As to the petition for adjudication of wardship, the court found that respondent and the corespondent had committed residential burglary and theft and adjudicated them delinquent minors. Subsequently, a joint dispositional hearing on the separate causes of respondent and corespondent was held on July 18, July 30, and August 8, 1986. At the conclusion of the dispositional hearing the court made respondent and the corespondent wards of the court. The court commented that respondent’s conduct indicated that he did not recognize the need for rehabilitation. Moreover, his behavior at the youth home during his period of detention illustrated his lack of conformity to alternative situations other than a restrictive environment. Additionally, the social history of respondent indicated he needed a restrictive environment. The court found that the evidence showed that the parents of respondent were unable for reasons other than financial to care for, protect, train, or discipline the minor respondent, and the best interests of both respondent and the public would be served by committing him to the custody and supervision of the Department of Corrections, Juvenile Division.
Respondent filed a timely notice of appeal.
Respondent first contends that the trial court erred in denying his motion to quash arrest and suppress evidence as the police lacked probable cause to arrest respondent.

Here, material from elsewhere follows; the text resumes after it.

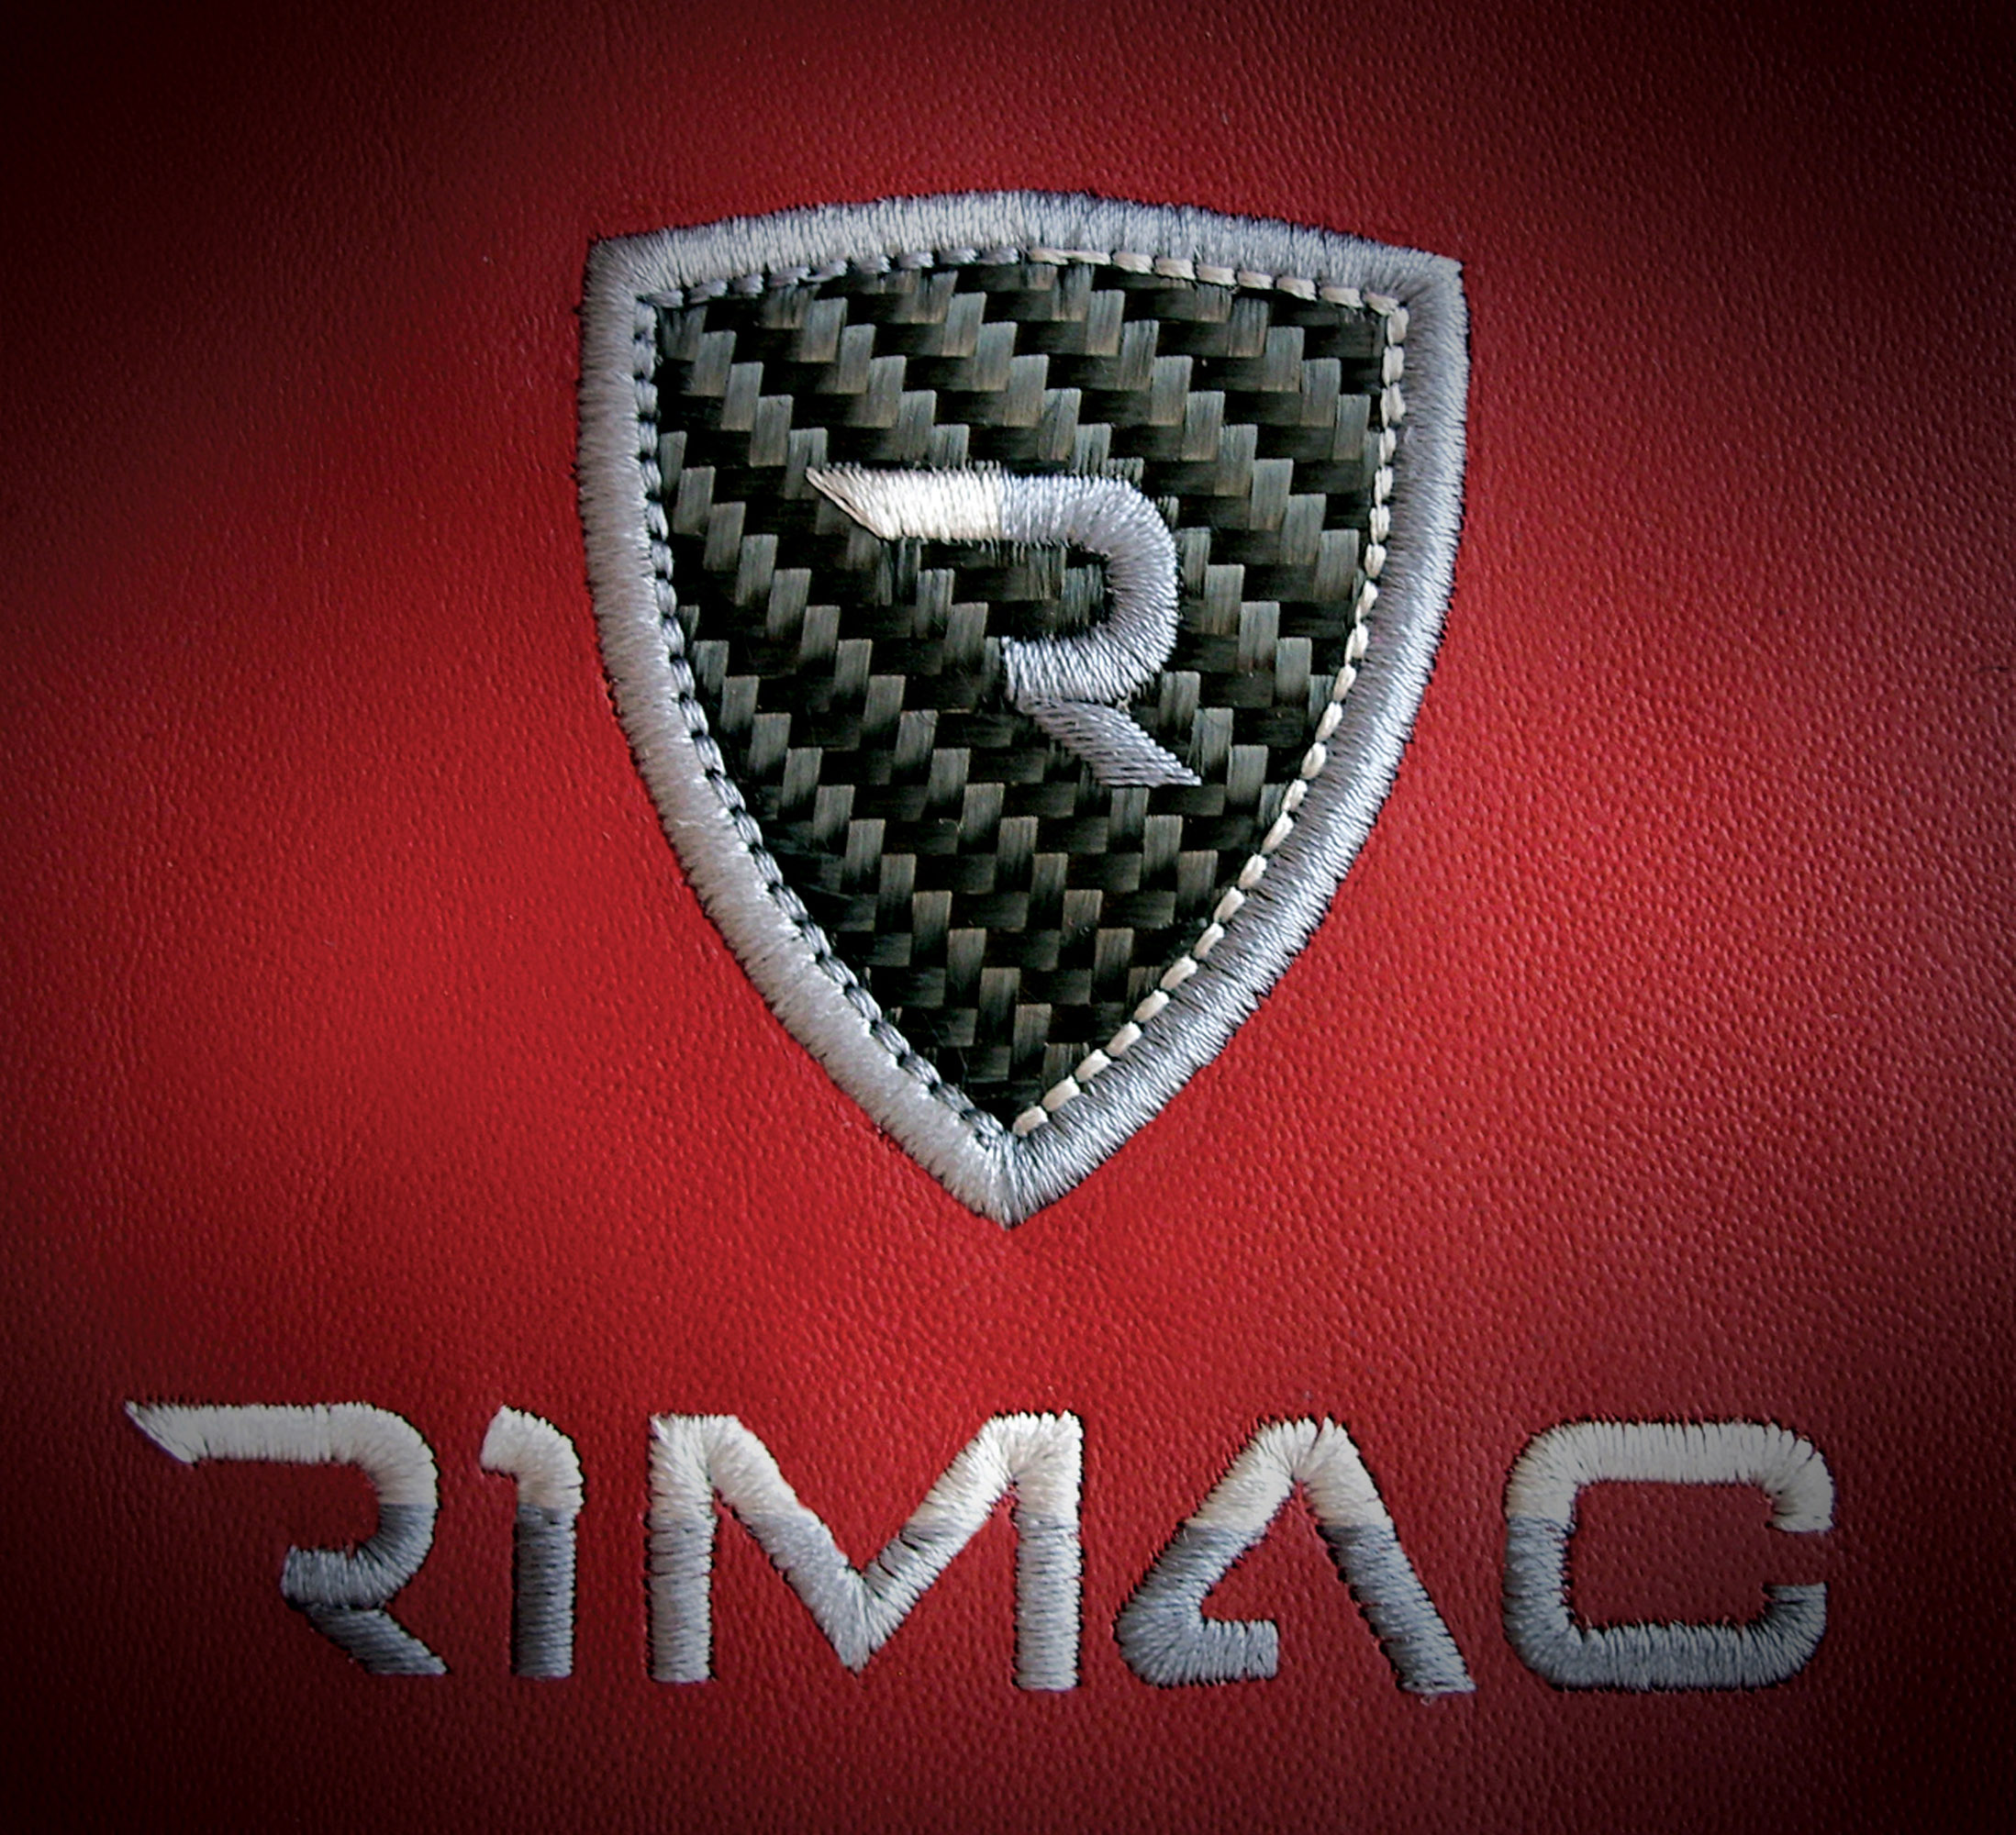 Rimac Concept One Picture

It is respondent’s position that at the time of his arrest the arresting officers did not know that a crime had been committed.
The test for probable cause is whether the facts and circumstances within the arresting officer’s knowledge are sufficient to warrant a man of reasonable caution in believing that an offense has been committed and that the individual arrested committed the offense. (People v. Reynolds (1983), 94 Ill. 2d 160, 165-66, 445 N.E.2d 766, 769; People v. Lippert (1982), 89 Ill. 2d 171, 178, 432 N.E.2d 605, 608; People v. Agnew (1987), 152 Ill. App. 3d 1037, 1040, 504 N.E.2d 1358, 1360.) The probable cause test is equally applicable to cases where a juvenile is taken into custody. (In re Foster (1978), 66 Ill. App. 3d 193, 197, 383 N.E.2d 755, 757-58.) Mere suspicion that the person arrested has committed an offense is an insufficient basis for arrest, but evidence sufficient to convict is not required. (Lippert, 89 Ill. 2d at 178, 432 N.E.2d at 608.) Probable cause for an arrest may be established on the basis of all information possessed by policemen working in concert. (People v. Fox (1987), 155 Ill. App. 3d 256, 263, 508 N.E.2d 475, 480.) The probable cause test is a compromise for accommodating the “often opposing interests” of privacy and law enforcement, and there is good reason for striking the compromise on the side of privacy where it is uncertain whether any crime has occurred. (Reynolds, 94 Ill. 2d at 166, 445 N.E.2d at 769; Lippert, 89 Ill. 2d at 179-80, 432 N.E.2d at 608-09.) Under the facts and circumstances of the case at bar, no uncertainty existed.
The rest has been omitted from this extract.